Vanguard Research: Savers Adjust to Target-Date Funds

With many investors embracing target-date mutual funds, Americans are now on the right track with retirement savings, according to a Vanguard study.

The study examined records for more than 3.2 million participants in the mutual fund giant's defined contribution plans to see how their portfolios performed last year. It found that 16% of savers were enrolled in a single target-date fund.

"One of the criticisms [of the industry] is whether we can teach all of the participants how to invest effectively," said Jean Young, a researcher and lead author of the report.

By giving investors their choice of 18 target-date funds, Young said, Vanguard has let investors make more educated decisions about their automatic investments.

In the last 20 months, the target-date fund business has come under heavy fire for having too much exposure to riskier assets as the funds approach their distribution phase. During 2008, a lot of target-date funds sustained heavy losses, which shocked many investors who expected their portfolios to become more conservative as they neared retirement.

Young said, however, that investors are having a more informed dialogue with their financial advisers about target-date funds. They have learned that most of the high-profile losses occurred in funds that took extremely hard hits. Also, these funds had a moderate number of investors.

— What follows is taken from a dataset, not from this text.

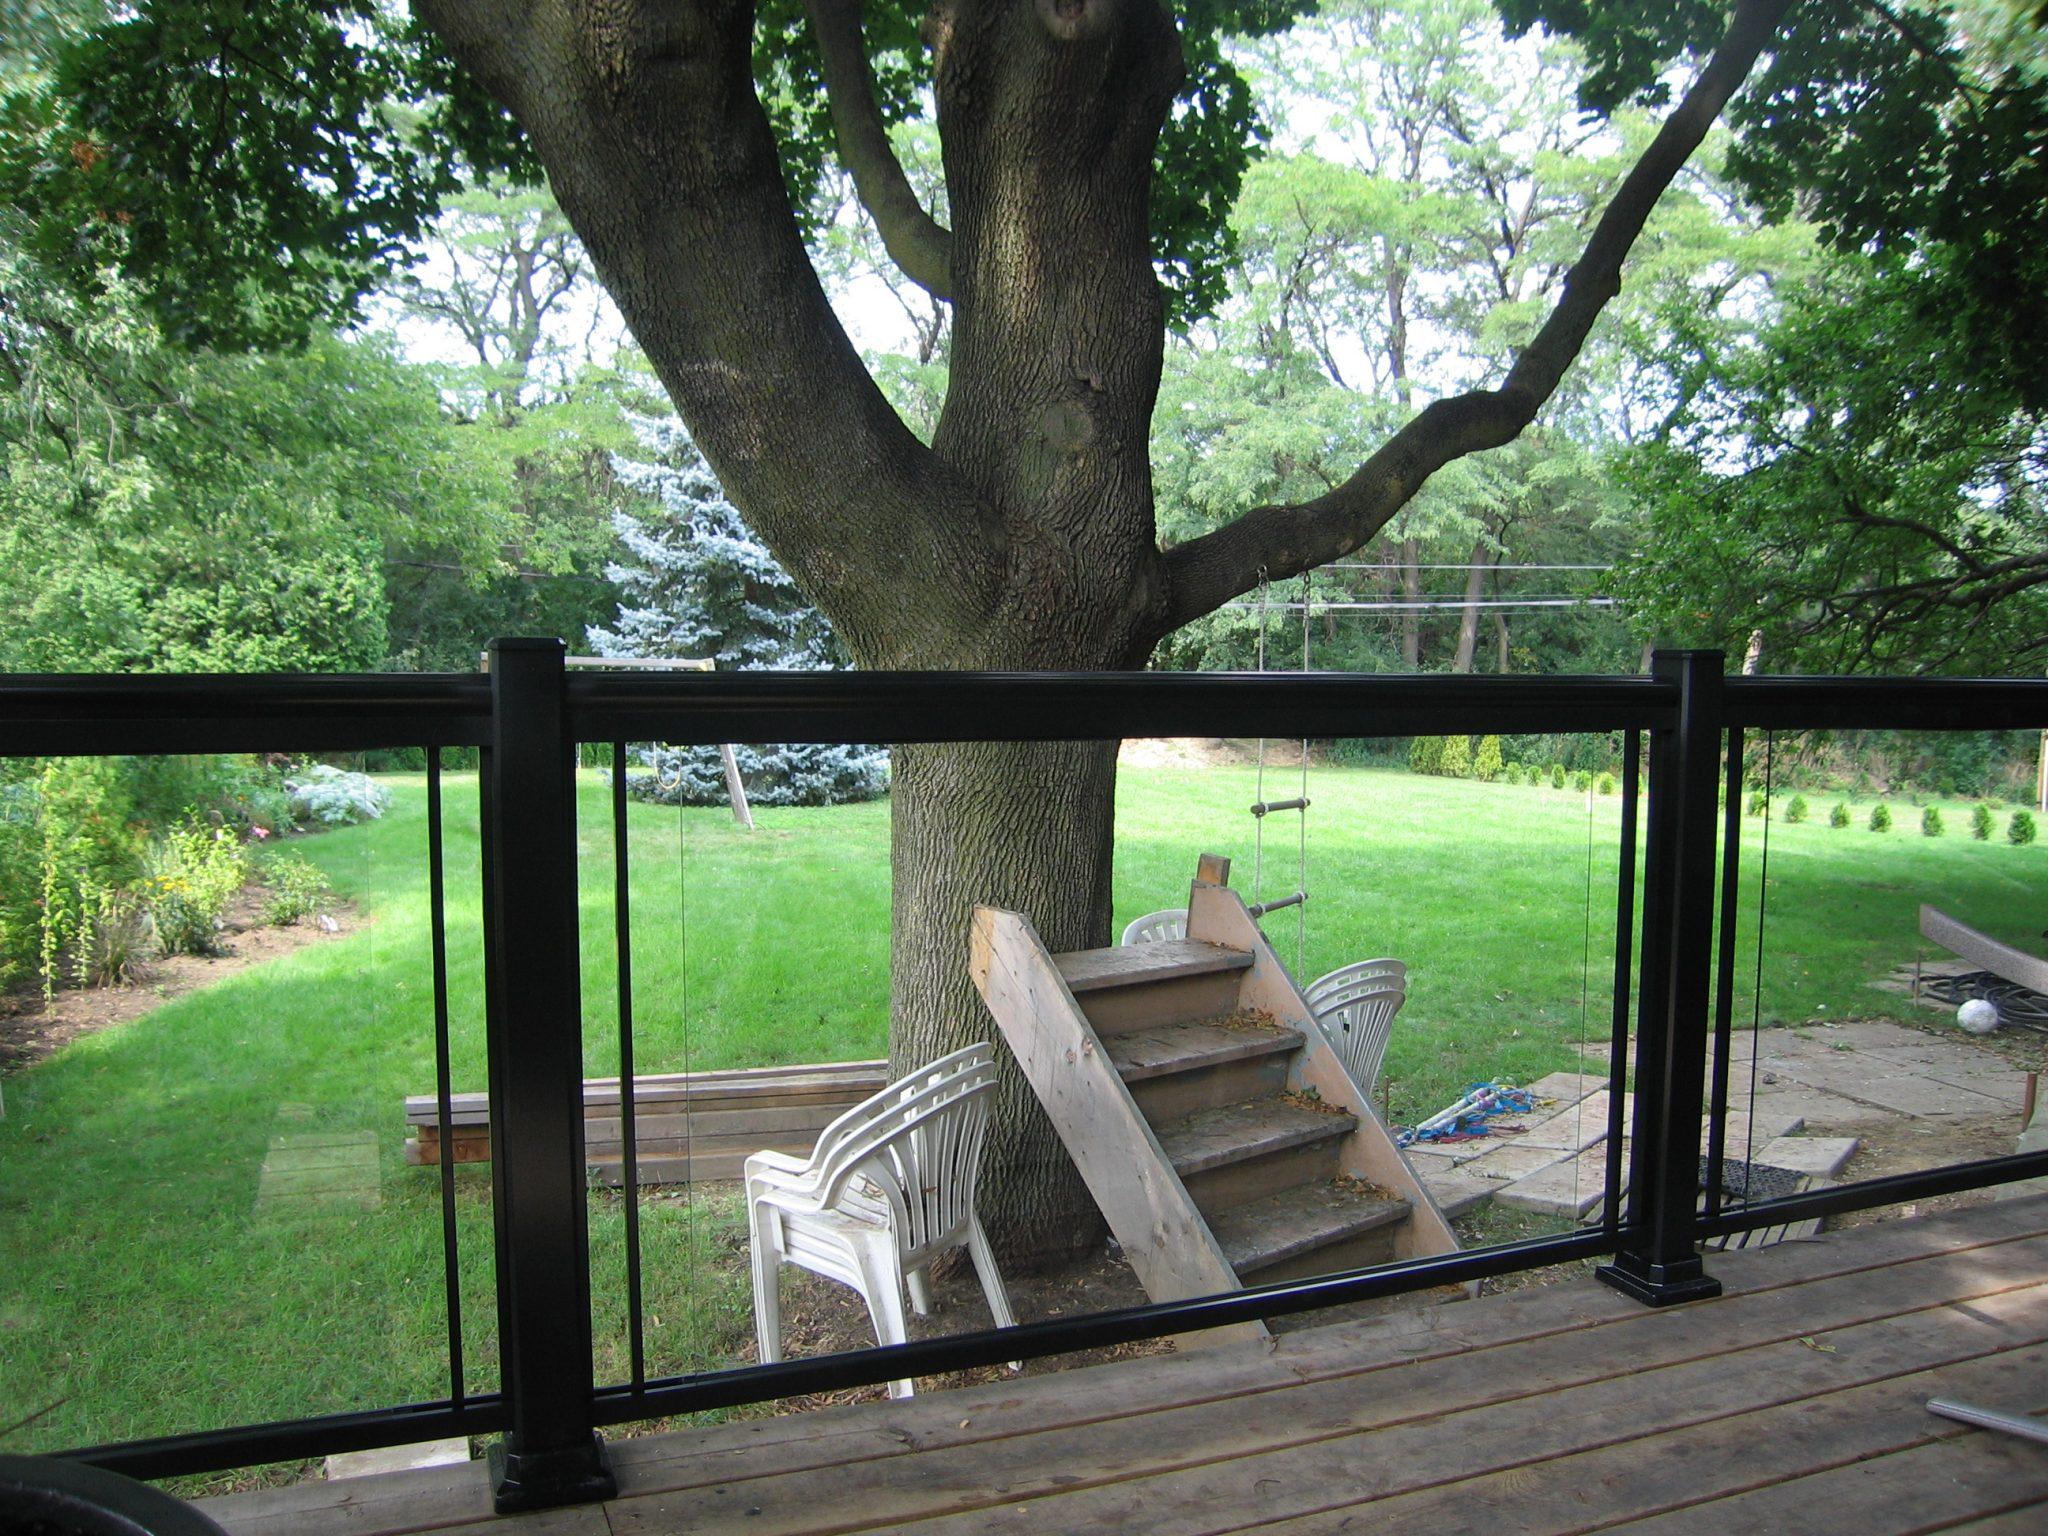 Backyard with large tree

The study also showed that one-quarter of all participants in defined contribution retirement savings plans last year chose to put all their money into a single automatic investment plan by yearend, up from 7% in 2005.

Investors were fond of other automatic investment vehicles, too. Six percent held a traditional balanced fund, and 3% used managed accounts.

Using automatic investment vehicles is one way investors made strides last year, according to the study. Overall, investors also were smarter about diversification.

Equity allocations varied dramatically, as nearly 30% of participants took extreme positions. About 14% of participants held only equities, and 15% held less than 20% in equities. Also, savers continued to reduce concentrations of stock holdings in the plan's sponsoring company.

Among plans that offered the company's equity, Vanguard said, the share of participants who held more than 20% of their savings in that stock fell to 30% in 2009, from 45% in 2005.

Last year, savers who participated in defined contribution plans saw their account balances rise by 23% from the 2008 level. By the end of 2009, about two-thirds of participants had account balances higher than they were in September 2007, just before the stock market hit its recent peak in October 2007.

Also, the median account balance rose 10% for savers who had a balance in September 2007, as asset values grew and people put more money into their retirement plans.

And from September 2007 to December 2009, 6% of defined contribution plan participants had losses of more than 30%, according to Vanguard.

Yet investors could participate more and save more in their defined contribution accounts, Young said. The participation rate was 75% in 2009, down from 77% in 2008.

Once employer contributions were factored in, the savings rate was 9.4%. Still, the researcher said, investors should aim for a total savings rate of 12% to 15%.

General economic conditions could be suppressing savings rates, Young said. A plan participant may still be working but could have had to absorb a pay cut, loss of company matching contributions or the joblessness of a spouse.